О, они понимают друг друга, как никто другой, и понимают, что оба услышаны.

Быть услышанным — это большая удача, право!..

— А как Юра Родионов? — спрашивает Р. об артисте Александринского театра, который когда-то играл роль Пушкина.

— Он слышит еще хуже меня, — отвечает Бруно. — Совсем глухой.

— Да, — говорит артист Р. — Надо бы поставить спектакль, собрав глухих, и чтобы все говорили по инструкции для слуховых аппаратов. На сцене десять артистов, у всех в ушах «бананы», и все говорят друг с другом как с детьми!

— Без звука, что ли? — спрашивает Бруно.

— Нет, все кричат, но глядя друг другу в глаза и чувствуя зрителя!..

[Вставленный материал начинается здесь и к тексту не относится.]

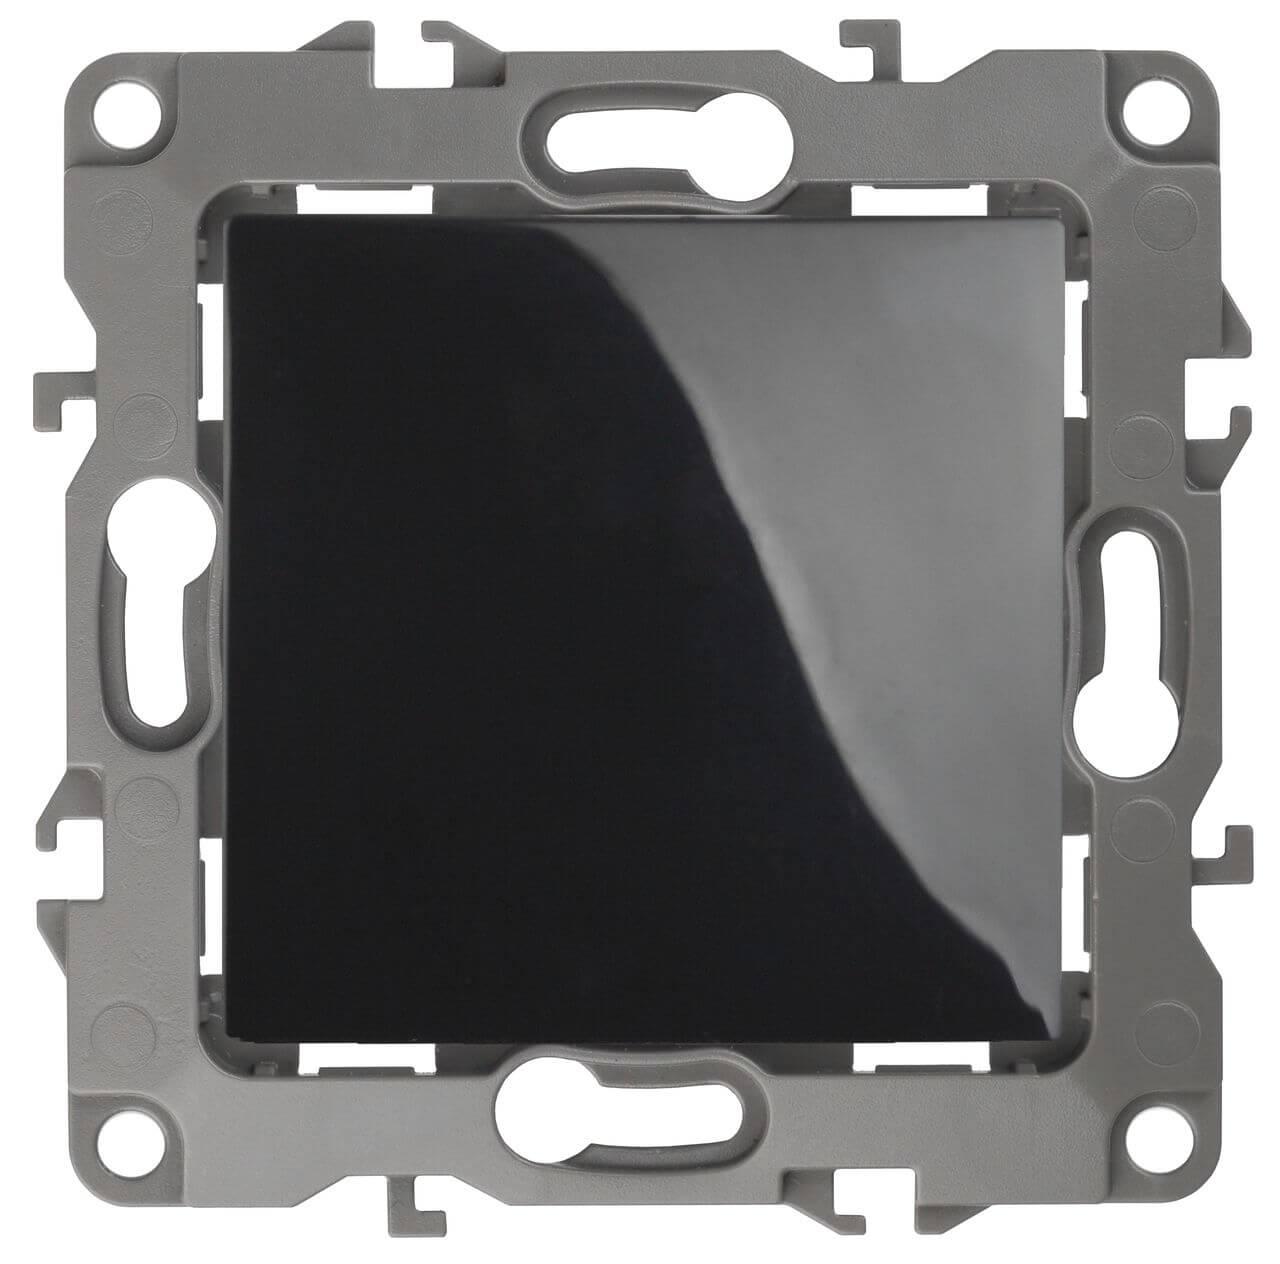 Выключатель одноклавишный ЭРА 12 10AX 250V 12-1001-06

— И все-таки, если бы я был глухонемой, было бы лучше, — сомневается он. — Раз не говорит, значит, и не слышит… В «Элегии» мне что приходиться делать? Я вставляю в уши оба аппарата и занавешиваю их париком, а партнерша, нет-нет и забудется и споет не в мою сторону. Я ей говорю: «Смотри, убью…» Но я ее понимаю. Она хочет играть свободно!.. Я очень хорошо ее понимаю, ведь и я так хочу!..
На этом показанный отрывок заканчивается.